- Leagues: Super League EuroLeague Women
- Founded: 2017; 9 years ago
- History: Çukurova Basketbol (2017–2020) ÇBK Mersin Yenişehir Belediyesi (2020–2023) Çukurova Basketbol Kulübü Mersin (2023–2025) ÇİMSA ÇBK Mersin (2025–present)
- Arena: Servet Tazegül Arena
- Location: Mersin, Turkey
- Team colors: Black-Orange
- President: Serdar Çevirgen
- Head coach: Ceyhun Yıldızoğlu
- Team captain: Asena Yalçın
- Championships: 1 EuroCup Women 2026 2 Turkish Cups 2022, 2025 1 Turkish Presidential Cup 2022
| Home | Away |

= Çukurova Basketbol =

Turkish women's basketball team

Former logo

Çukurova Basketbol Mersin (ÇBK Mersin), for sponsorship reasons ÇİMSA ÇBK Mersin, is a Turkish professional women's basketball club based in Mersin, Turkey. The club was founded in 2015 and currently competing in the Women's Basketball Super League.

==History==
The club was founded in 2015 under the name Çukurova Basketbol Mersin. In 2020 the team was rebranded to ÇBK Mersin. They joined the Super League for the 2017–18 season. Grine had left the league prior to the beginning of the 2017 season. After competing in the play-off semi finals in their first season, the club played in the play-off finals against Fenerbahçe in the 2018–19 season. The club lost to Fenerbahçe in the finals, but qualified to compete in EuroLeague Women in the 2019–20 season.

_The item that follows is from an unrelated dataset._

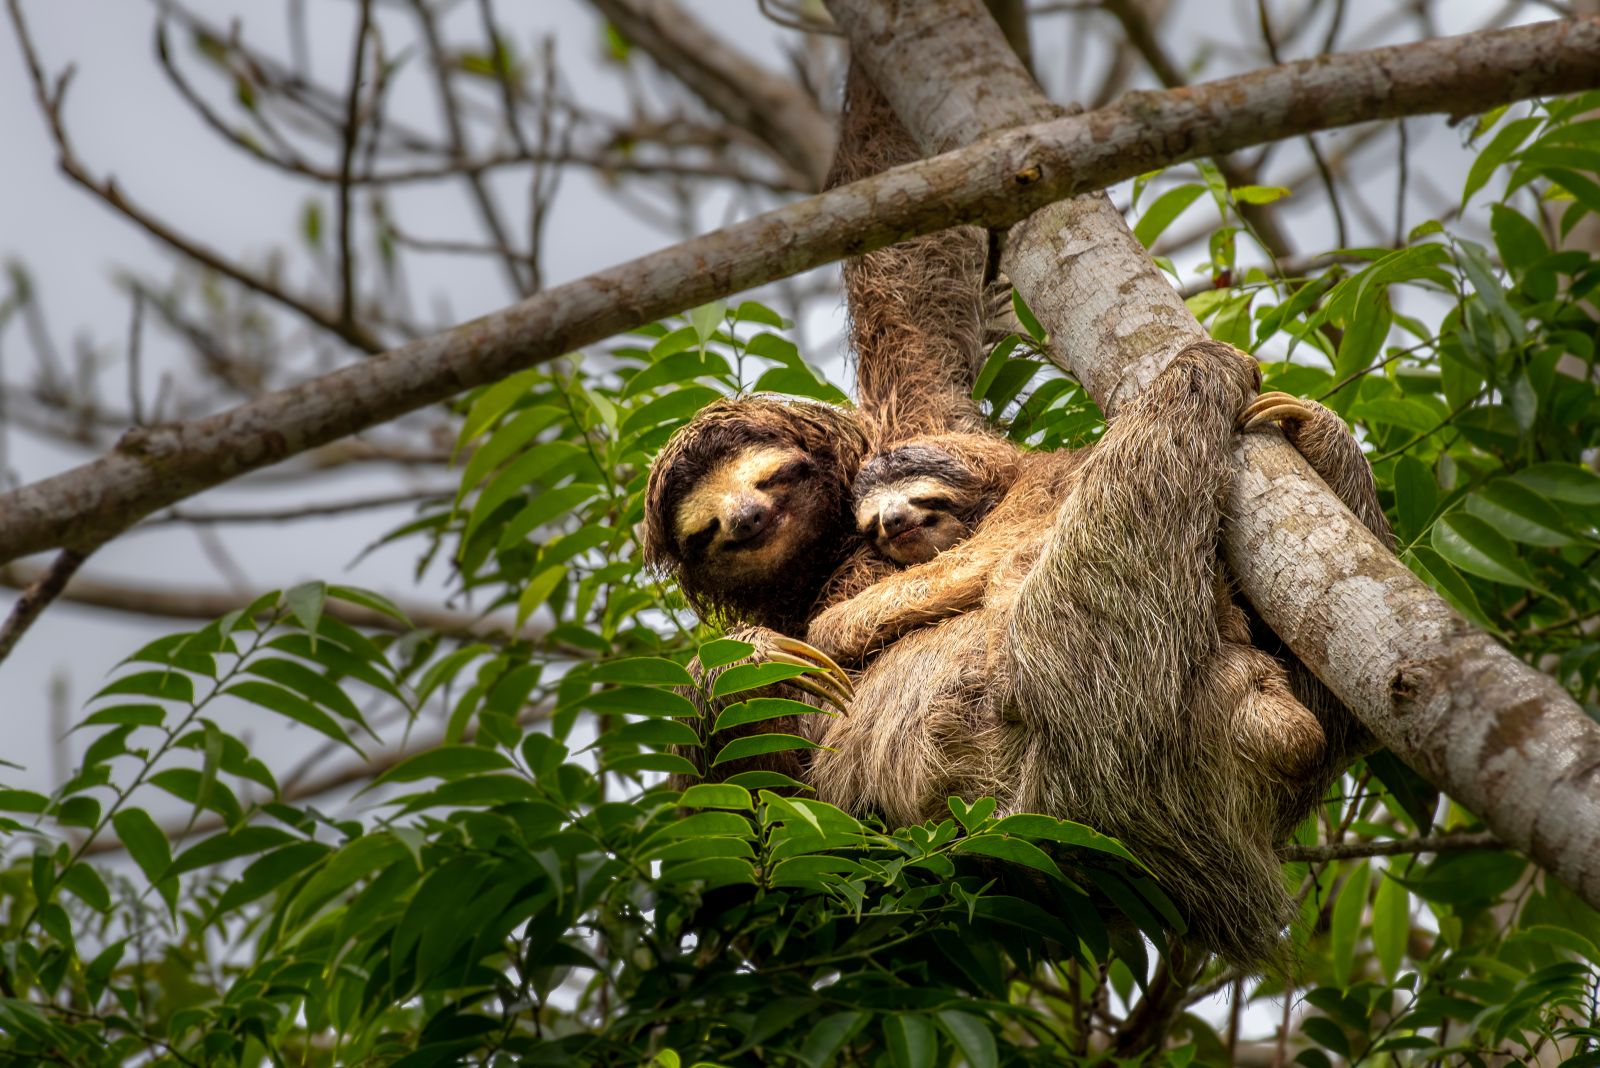 Mother and baby sloth in the treetops in Costa Rica

On January 22, 2020, a partnership was established with the Yenişehir Municipality, and the club's name was changed to ÇBK Mersin Yenişehir Belediyesi. This partnership played a significant role in the club's rise.

Before the 2023-24 season, the name was changed to Çukurova Basketbol Kulübü Mersin (shortly Ç.B.K. Mersin). In late January 2025, as a result of the sponsorship agreement with ÇİMSA, the team's name became ÇİMSA ÇBK Mersin.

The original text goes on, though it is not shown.